State park in São Paulo, Brazil

The Furnas do Bom Jesus State Park (Parque Estadual das Furnas do Bom Jesus) is a state park in the state of São Paulo, Brazil. It protects an area of cerrado and Atlantic Forest with high biodiversity in and around a canyon.

==Location==

The Furnas do Bom Jesus State Park is in the municipality of Pedregulho, São Paulo, 442 km from the state capital of São Paulo.
The municipality is in the northeast of the state in the Ribeirão Preto mesoregion.
It has an area of 2069 ha, and is in the hydrographic basin of the Córrego do Pedregulho.
.The terrain consists of medium hills with flat tops and slopes with small canyons.
The name Furnas do Bom Jesus means "Caves of the Good Jesus", after the Bom Jesus canyon which leads through the park.
Altitudes range from 300 to 1073 m.

==History==

The Furnas do Bom Jesus State Park was created by state decree 30.591 of 12 October 1989.
Decree 31.644 of 31 May 1990 declared the land as being of social interest for the purpose of expropriation.
The park is a fully protected conservation unit with the objectives of preserving its ecosystems, geomorphological sites and natural landscapes, while supporting scientific research and public visits.
Various universities use the park for scientific research, including the University of São Paulo.

==Environment==

The Köppen climate classification is Cwb Tropical Altitude, hot and humid in summer, cold and dry in winter.
Temperatures vary from 18 to 32 C in the summer and 3 to 13 C in the winter, with average annual temperature from 21 to 25 C.
The park protects an area with great biodiversity of native flora and fauna, including some species threatened with extinction.

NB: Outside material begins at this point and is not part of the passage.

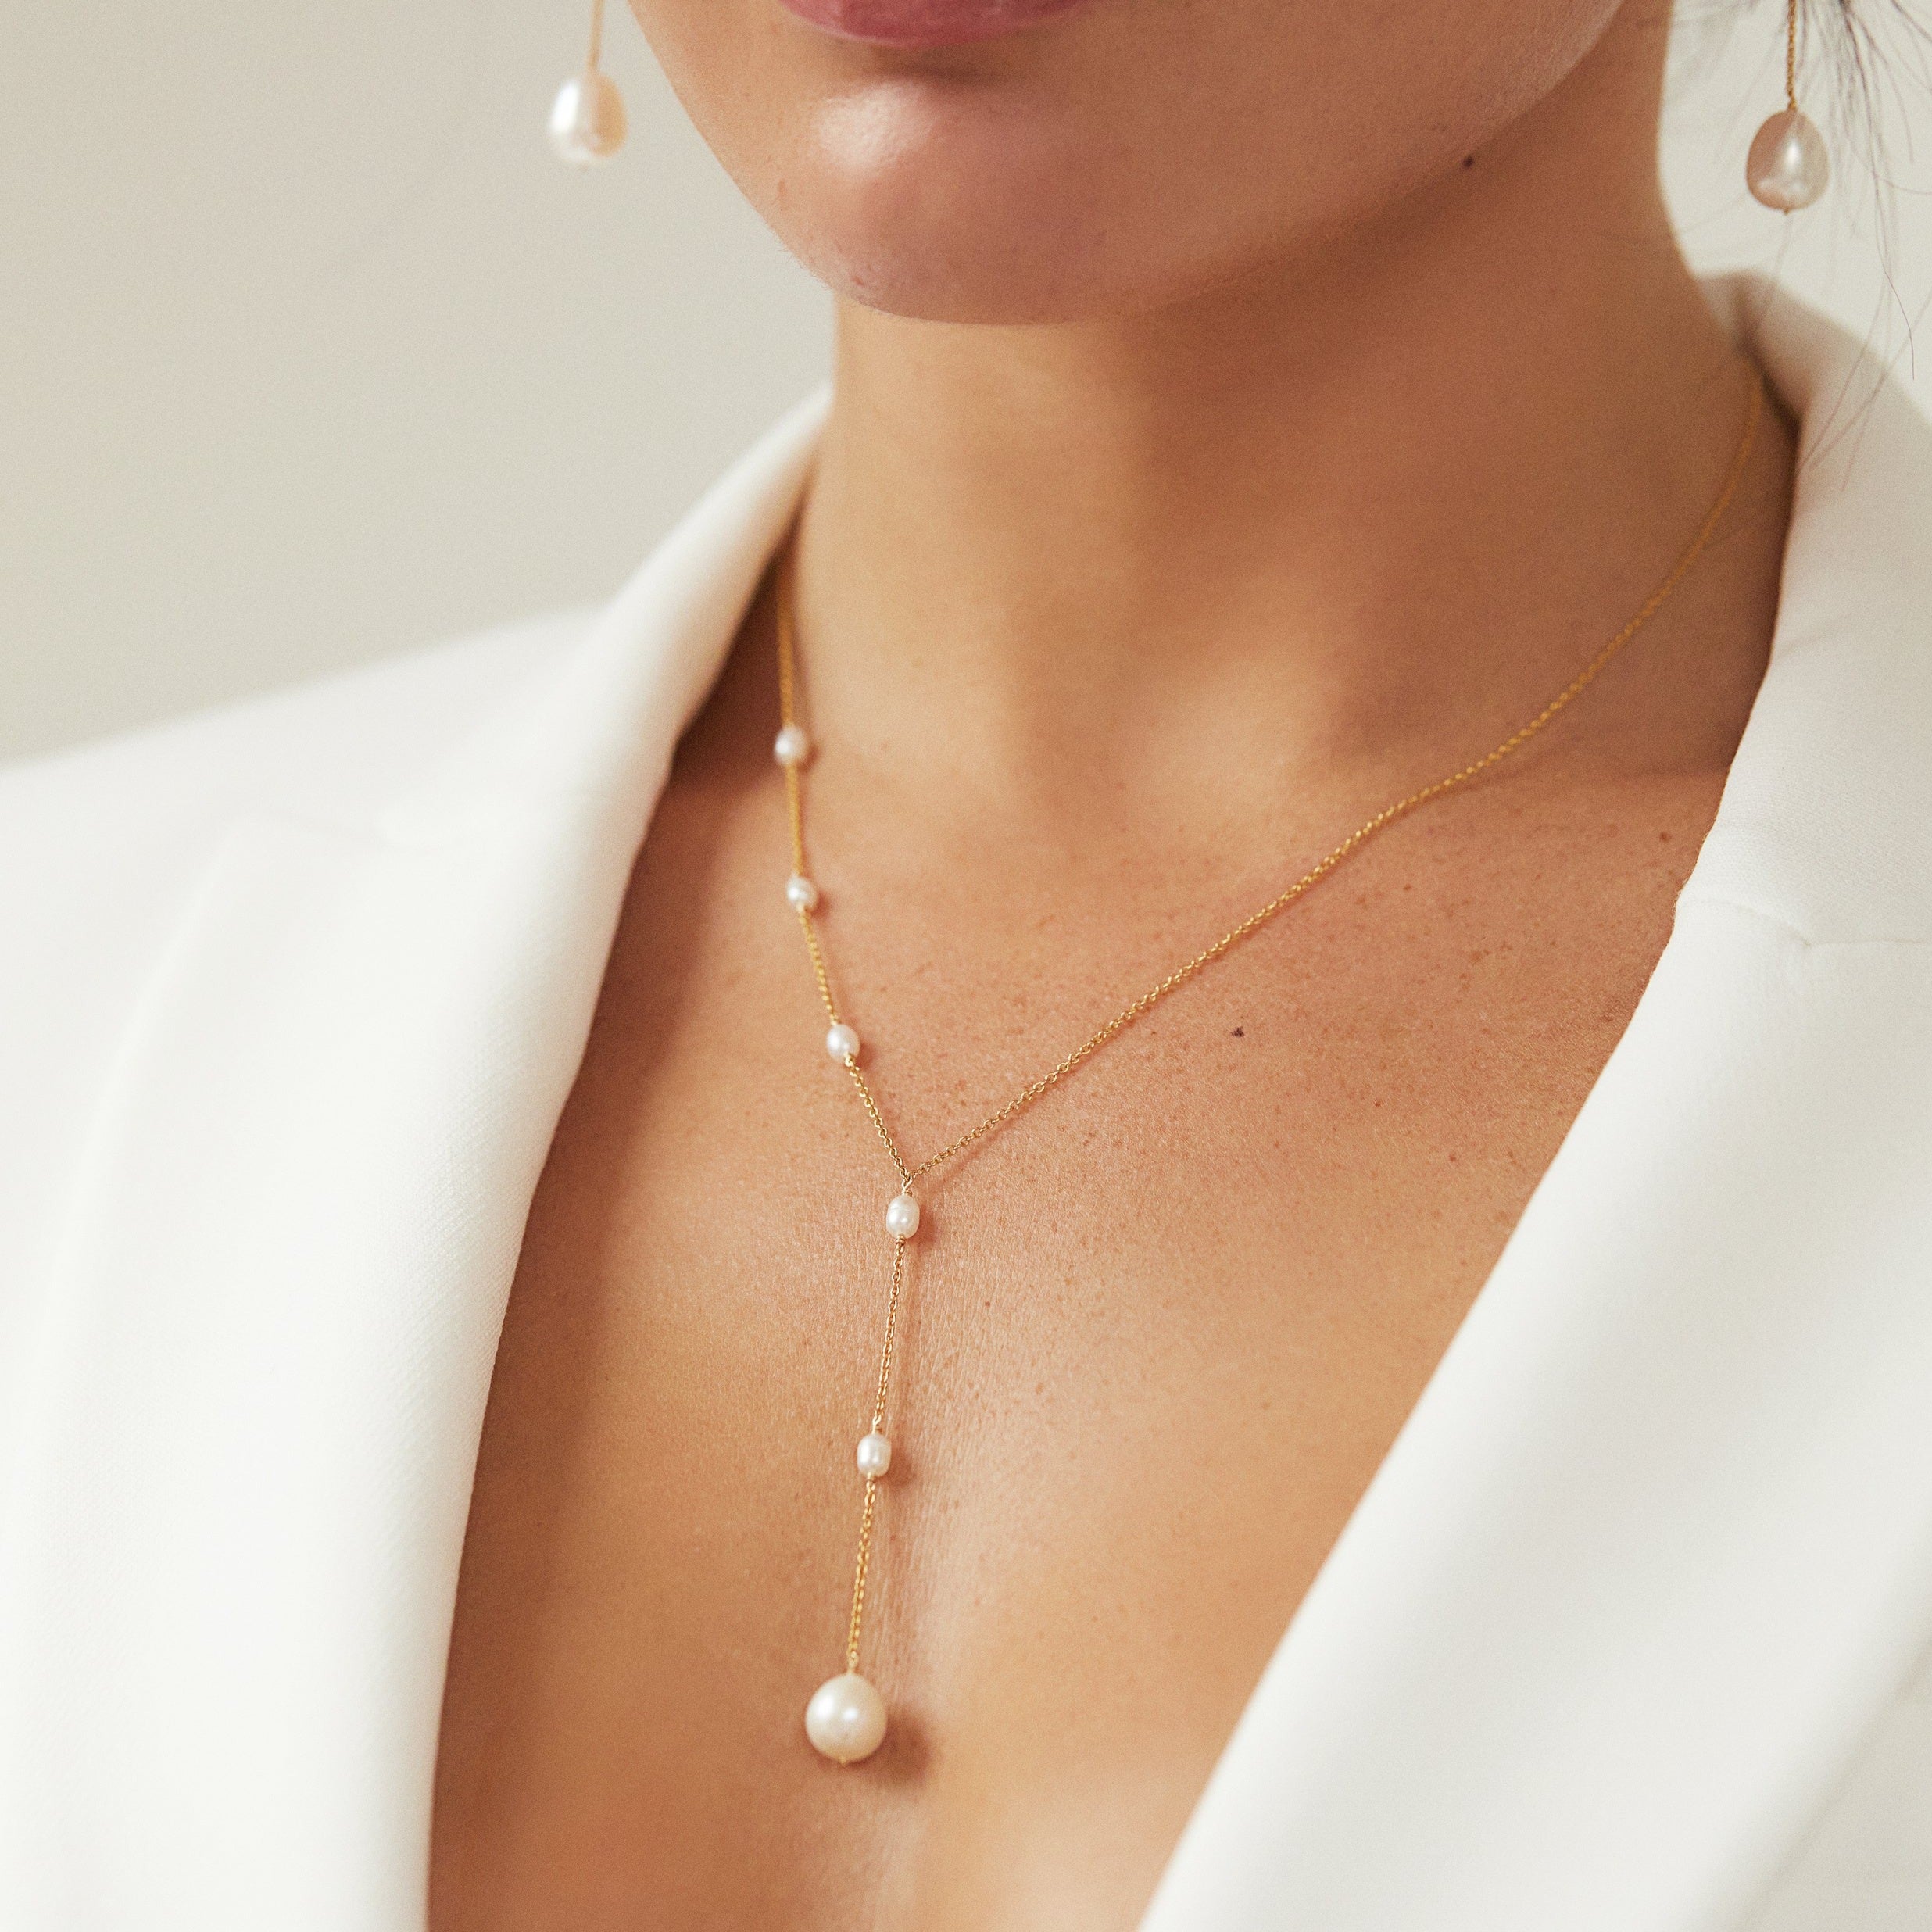 Solid White Gold Seed Pearl Lariat Necklace

Vegetation includes fragments of cerrado and Atlantic Forest seasonal semi-deciduous forest.
There are cerradões, cerrado and meadows in the interfluvial areas, continuous gallery forest in the valley bottoms, including seasonal semi-deciduous forest and seasonal alluvial semi-deciduous forest, and seasonal deciduous forest on the slopes and walls of the canyons, particularly in places where there is the least water in the dry season.
The natural cerrado vegetation on the top of the chapadas and the gentler slopes was almost entirely replaced by coffee plantations and pasturage, and is now regenerating.
The areas that are harder to access have been little changed, preserving remnants of the original forest.

There are marshes, flooded meadows, high meadows and remnants of Atlantic forest, but the most common forms are typical cerrado, cerradão and asveredas.
There are many species of trees, grasses, bromeliads, orchids and other small plants.
The cerrado has been drastically modified by humans.
Notable species of flora include ipe (Tabebuia species), jacaranda (Jacaranda cuspidifolia), jequitibá (Cariniana estrellensis), açoita-cavalo (Luehea species) and peroba (Aspidosperma species).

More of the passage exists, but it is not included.